Four U.S. Air Force C-130 aircraft are helping local authorities fight the raging wildfires in Arizona by flying above impacted areas and dropping thousands of gallons of fire retardant to contain the spread of flames, service officials report.
"They are pushing the aircraft to its maximum performance," said Ann Skarban, a spokeswoman for the 302nd Air Lift Wing. "They are flying slow, low and heavy. They are working to draw lines of containment to break up or stop the fire."
The C-130s typically drop flame retardant from altitudes of 150-feet above the ground, traveling at speeds of 120 knots, said Dave Carey, Chief Flight Engineer, 731 Air Lift Squadron. The retardant is dropped along the perimeter or outer-contours of an expanding fire in support of fire-fighters on the ground in order to stop or contain the spread of the flames, Carey explained.
The C-130 airplanes, which were directed by the U.S. Forest service to head toward fire-damaged areas in Arizona from Colorado Springs, Colo., are configured with special fire-fighting technology called Modular Airborne Fire Fighting Systems, or MAFFS, Skarban said.
The C-130s are operating from Phoenix Mesa-Gateway Airport, said Lt. Col. Robert Carver, a spokesman for 145th Airlift Wing.
"The planes are able to lay down a line of fire retardant and check the fire, stopping it in its tracks. The teamwork with the crews on the ground, local first responders, and the U.S. Forest Service is amazing as it helps to establish where the best place is to drop the retardant," said Carver.
Military aircrews can discharge 3,000 gallons of water or fire retardant from the MAFFS modules along the leading edge of a forest fire in less than five seconds and cover an area a quarter of a mile long by 100 feet wide, according to a statement from U.S. Northern Command.
Two of the aircraft helping the Arizona effort are from the 302nd Airlift Wing located at Peterson Air Force Base, Colo., and two more are from the 146th Airlift Wing, California Air National Guard, based at Channel Islands Air National Guard Station.
The amount of retardant, a concentrated liquid substance which is diluted with water before being released from the plane, varies depending upon a range of factors such as air pressure, terrain, altitude and weight, said Carey.
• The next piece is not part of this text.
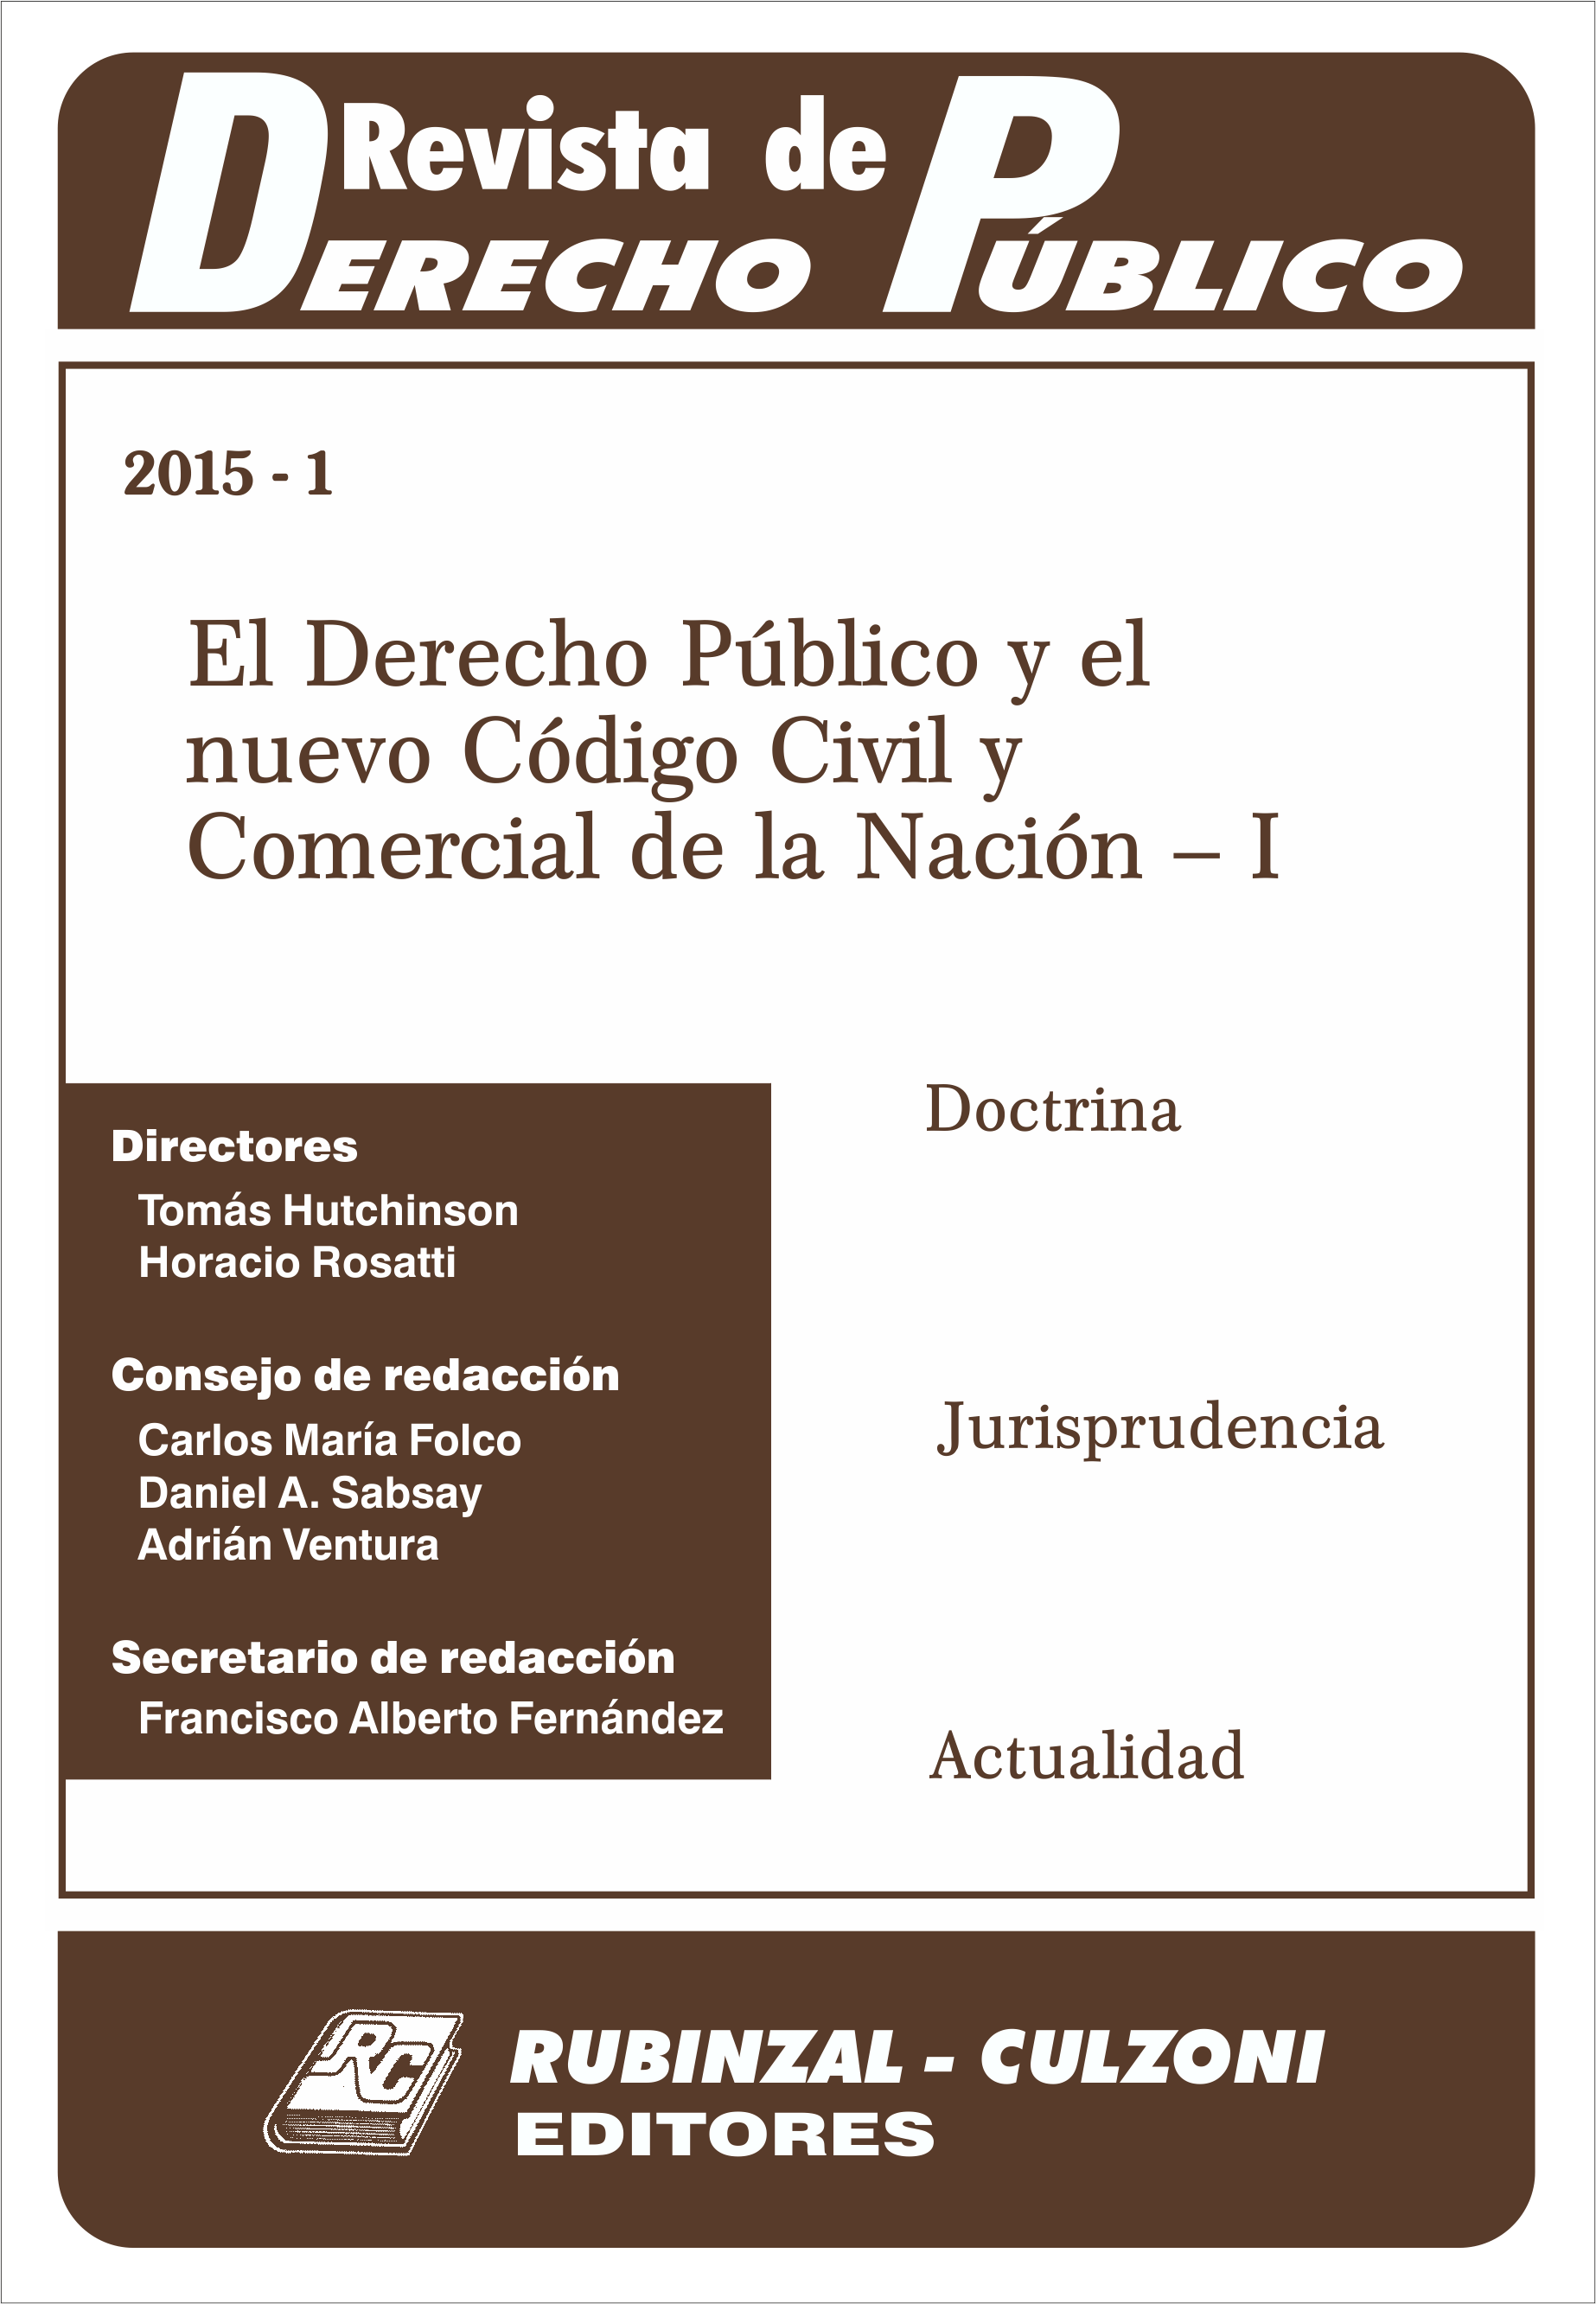 Revista de Derecho Público - El Derecho Público y el nuevo Código Civil y Comercial de la Nación - I.

For instance, higher altitudes and hotter temperatures result in decreased air pressure, making it more difficult to fly and maneuver an aircraft, especially C-130s loaded with thousands of gallons of fuel, Carey added.
"We keep track of the volume that we load on because we can't always load a full tank based on the altitude and how hot it is. We are required to meet climb restrictions if we lose an engine -- so we need to be able to climb away from the terrain - to do that we sometimes need to limited how much retardant can go on the aircraft," he said.
The pressure and volume of the retardant, controlled by a valve and an on-board computer on the plane, also varies depending upon the terrain and vegetation of the fire affected area, Carey explained.
The C-130 planes typically enter a fire traffic area following about 1,000-feet behind a smaller lead plane – such as a King Air -- which provides a start point, stop point and pressure setting for the retardant, he said.
"If there is a lot of vegetation, they will want more pressure to shoot it down inside of there. If it is prairie fire or lava-field fire, they will want a lower pressure setting. With a high pressure setting it comes out quicker," Carey said.
Once the load is discharged, ground crews at a MAFFS tanker base can refill the modules in less than 12 minutes, Air Force Reserve officials added.
Four additional MAFFS-capable C-130s are operated by Air National Guard units in North Carolina and Wyoming and can be called on if needed.